By Dr. Umar Musa Kallah
As the US-Israeli war against Iran enters its second week, the initial narrative of a rapid Western triumph has collapsed. What began with coordinated strikes on Iranian leadership and infrastructure has instead unleashed a sophisticated Iranian counter-campaign rooted in decades of preparation, control of global chokepoints, and asymmetric warfare. Verifiable maritime data, energy market reports, and military analyses confirm that Iran is not merely holding ground, it is systematically eroding the economic foundations of American power and its Gulf allies.
The closure of the Strait of Hormuz stands as Iran’s most potent immediate weapon. Since Iran’s declaration and attacks on transiting vessels in early March 2026, shipping traffic has effectively halted, with oil and LNG flows, representing roughly 20% of global trade is severely disrupted. Global crude prices have spiked, insurance markets have pulled coverage, and Asian importers face acute shortages. This is no bluff: tanker tracking and satellite imagery show near-total cessation of commercial traffic, directly strangling revenues for US-aligned Gulf states.
Tehran has complemented this blockade with hundreds of ballistic missiles and drones targeting US military installations and infrastructure across Bahrain, Qatar, Kuwait, the UAE, and Saudi Arabia. Strikes have damaged communication systems, radar sites, and air bases, including the US Fifth Fleet headquarters and Al Udeid Air Base. The cost asymmetry is telling: cheap Iranian drones and missiles exhaust multimillion-dollar Western interceptors at a pace that cannot be sustained indefinitely.
Iran has also struck desalination plants and power infrastructure critical to Gulf freshwater supplies. With over 90% of drinking water in several Gulf nations dependent on energy-intensive desalination, these targeted hits are creating humanitarian pressure and accelerating economic paralysis. By weaponizing both energy exports and water security, Tehran is holding civilian populations and regional economies hostage.
This economic siege directly undermines the Gulf sovereign wealth funds that have bankrolled much of America’s AI boom. Saudi Arabia’s Public Investment Fund and Abu Dhabi’s Mubadala have channeled tens of billions into US tech, data centers, and AI ventures. With oil revenues frozen, airspace closed, and infrastructure under fire, these funds are already curtailing new commitments to American projects.
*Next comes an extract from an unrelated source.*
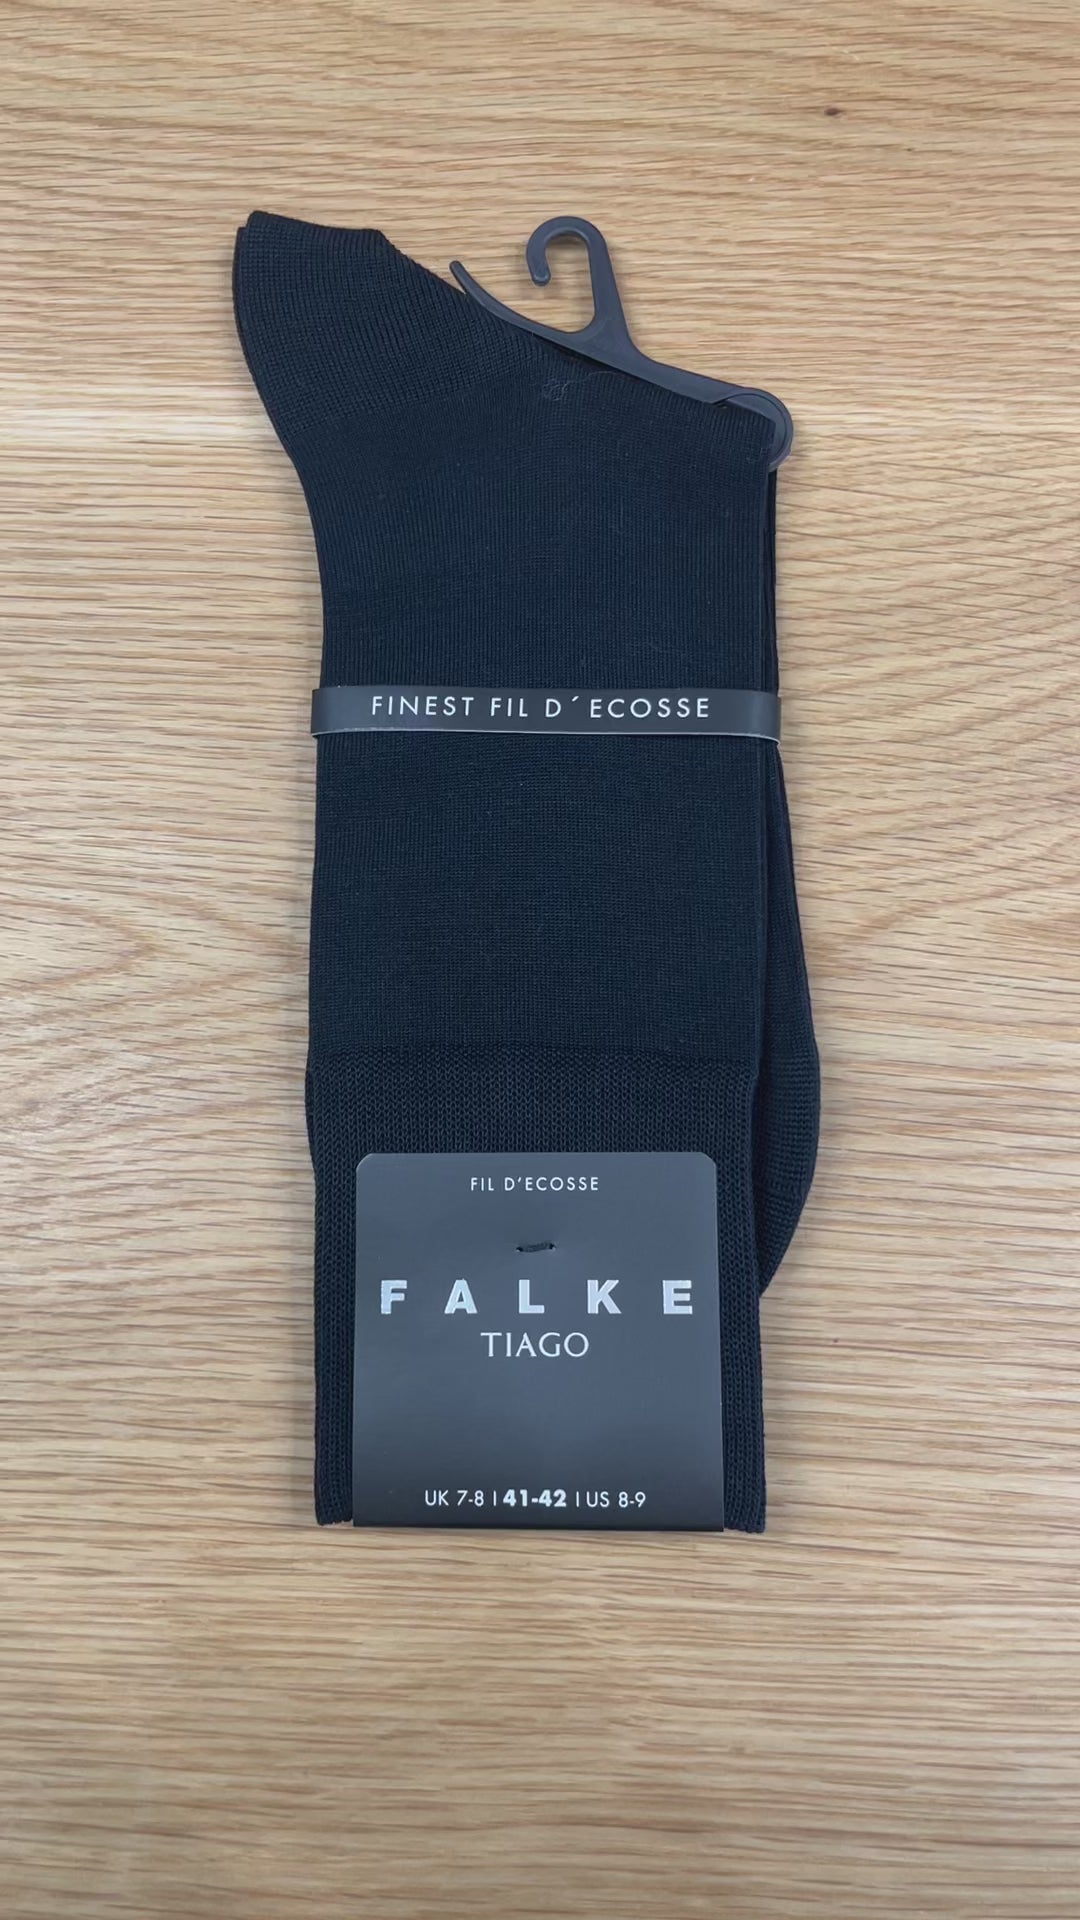 Falke dark navy dress sock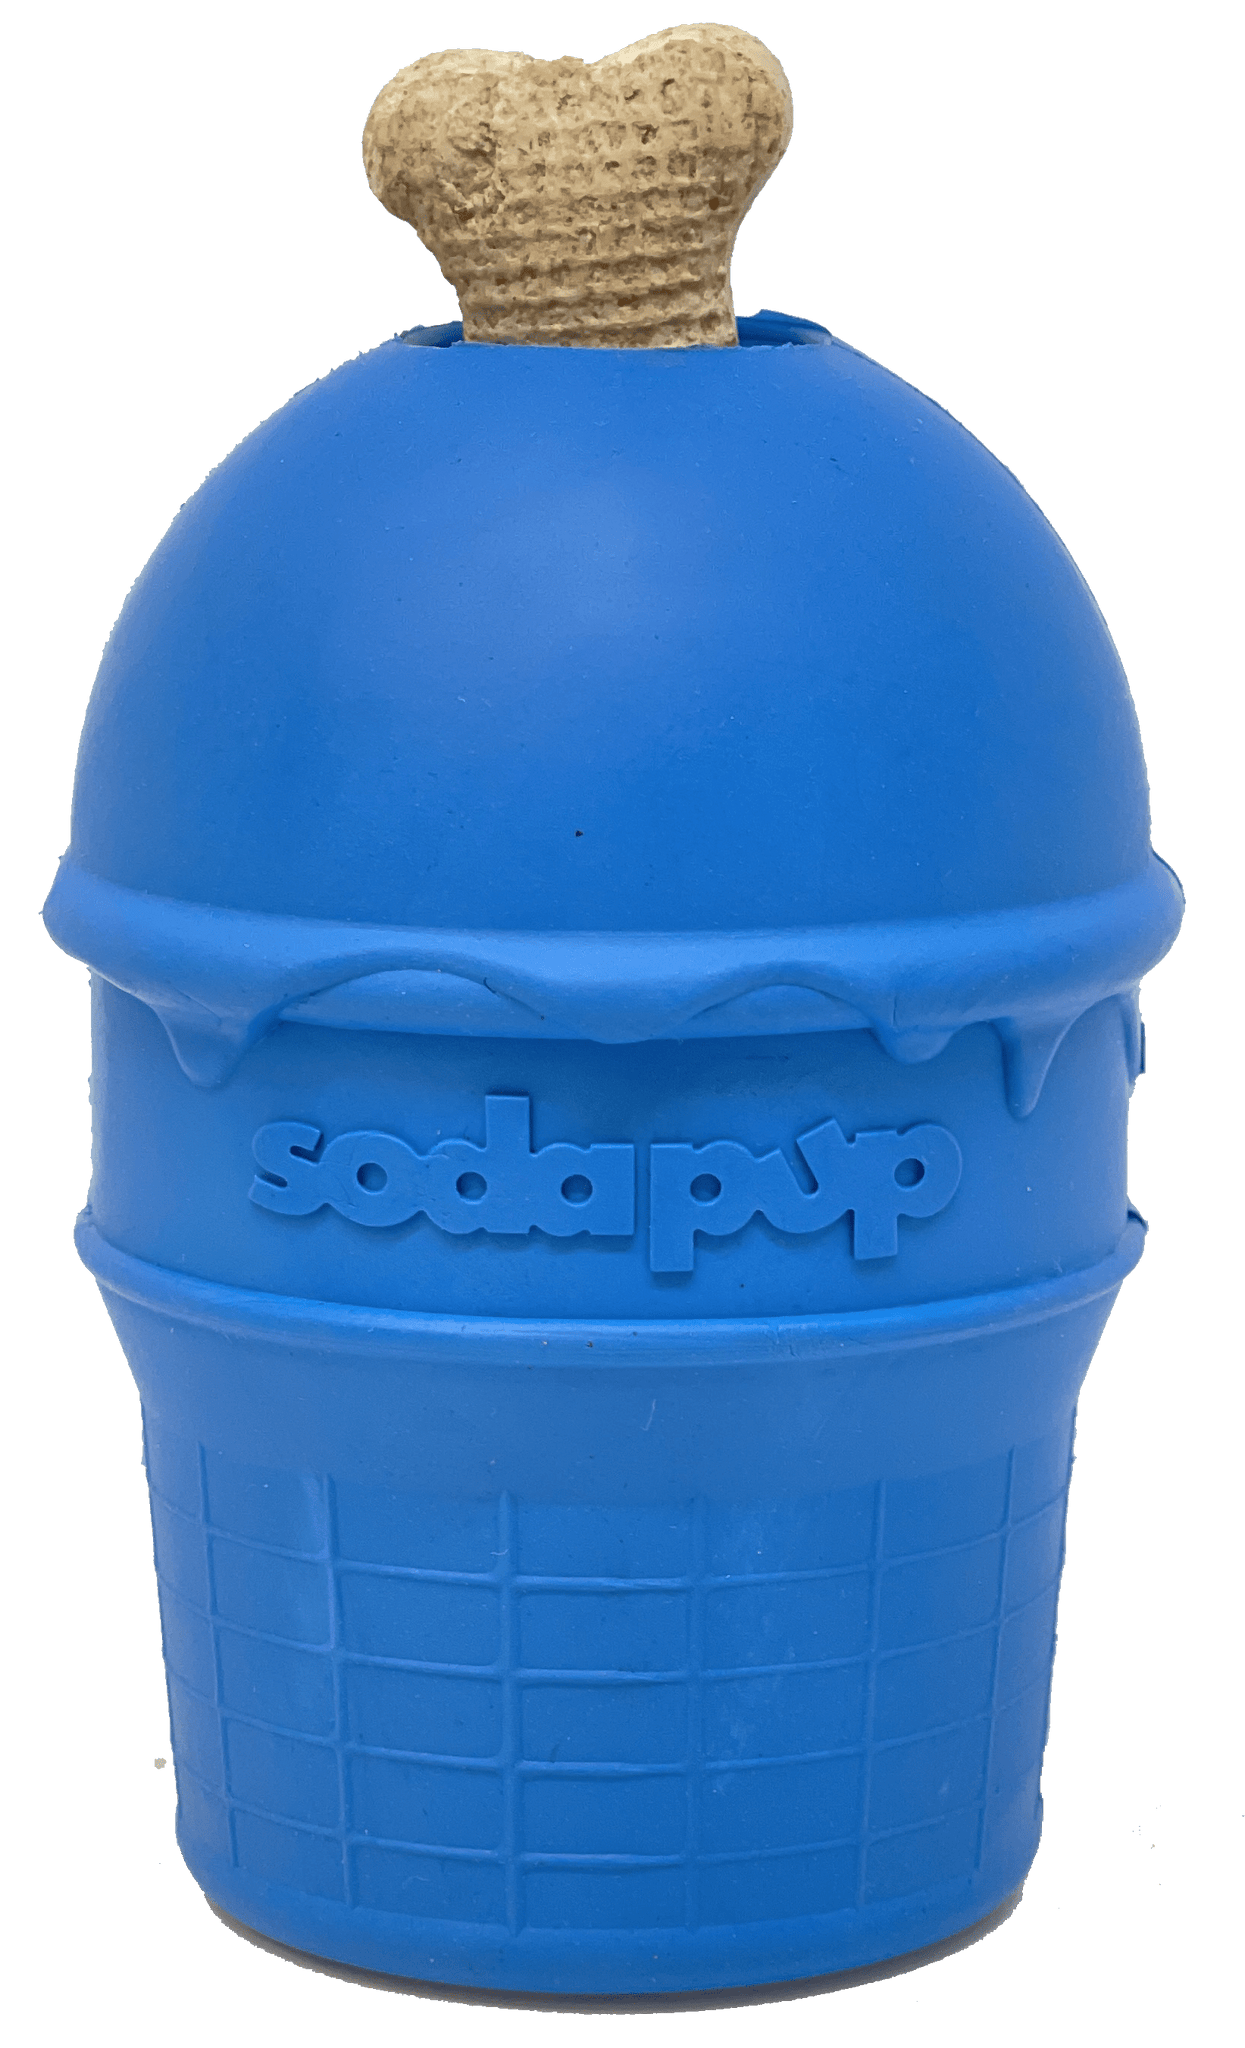 SP Ice Cream Cone Durable Rubber Chew Toy and Treat Dispenser - Medium Ice Cream Cone - Blue

The resulting capital drought threatens Silicon Valley valuations and risks triggering a broader stock-market correction, a strategic blow at the heart of US technological supremacy.
None of this is improvised. Iran has spent decades building precisely this capacity: an estimated pre-war arsenal of thousands of ballistic missiles, mass-produced drones, and resilient proxy networks designed for attrition warfare. Its high-ranking scientists and engineers have indigenously advanced these systems through reverse-engineering and innovation, often drawing on historical technological exchanges. Battle-hardened IRGC commanders , seasoned warlords operating with decentralized command, coordinate the response, while a population of over 90 million, tempered by generations of sanctions and pressure, demonstrates profound civilizational resilience and refusal to surrender easily.
This internal steel is coupled with broader strategic depth from longstanding partnerships. Russia, China, North Korea, and Pakistan have provided diplomatic condemnation of the US-Israeli aggression, alongside decades of technological collaboration in missiles, drones, and defense systems that now equip Iran to endure. While direct military intervention has been limited, these ties combined with Iran’s own preparations will ensure sustained resistance that outlasts Western political will and munitions stockpiles.
The world now faces Tehran’s calculated endgame: choking global energy arteries, disrupting vital water supplies, and redirecting Gulf capital away from American innovation. Every day of blockade, every intercepted drone salvo, and every sign of Iranian societal cohesion deepens the strain on Washington and its partners. Iran did not stumble into this conflict; it prepared for it across a lifetime of strategic patience. As oil prices climb, water crises intensify, AI investments falter, and resilient Iranian forces continue to dictate the tempo, the balance of power is shifting decisively.
The verifiable data from shipping trackers, strike assessments, and resilience analyses is clear: Iran is not on the defensive. It is leveraging geography, technology, alliances, and unbreakable national will to hold the world ransom. Tehran is on course to prevail.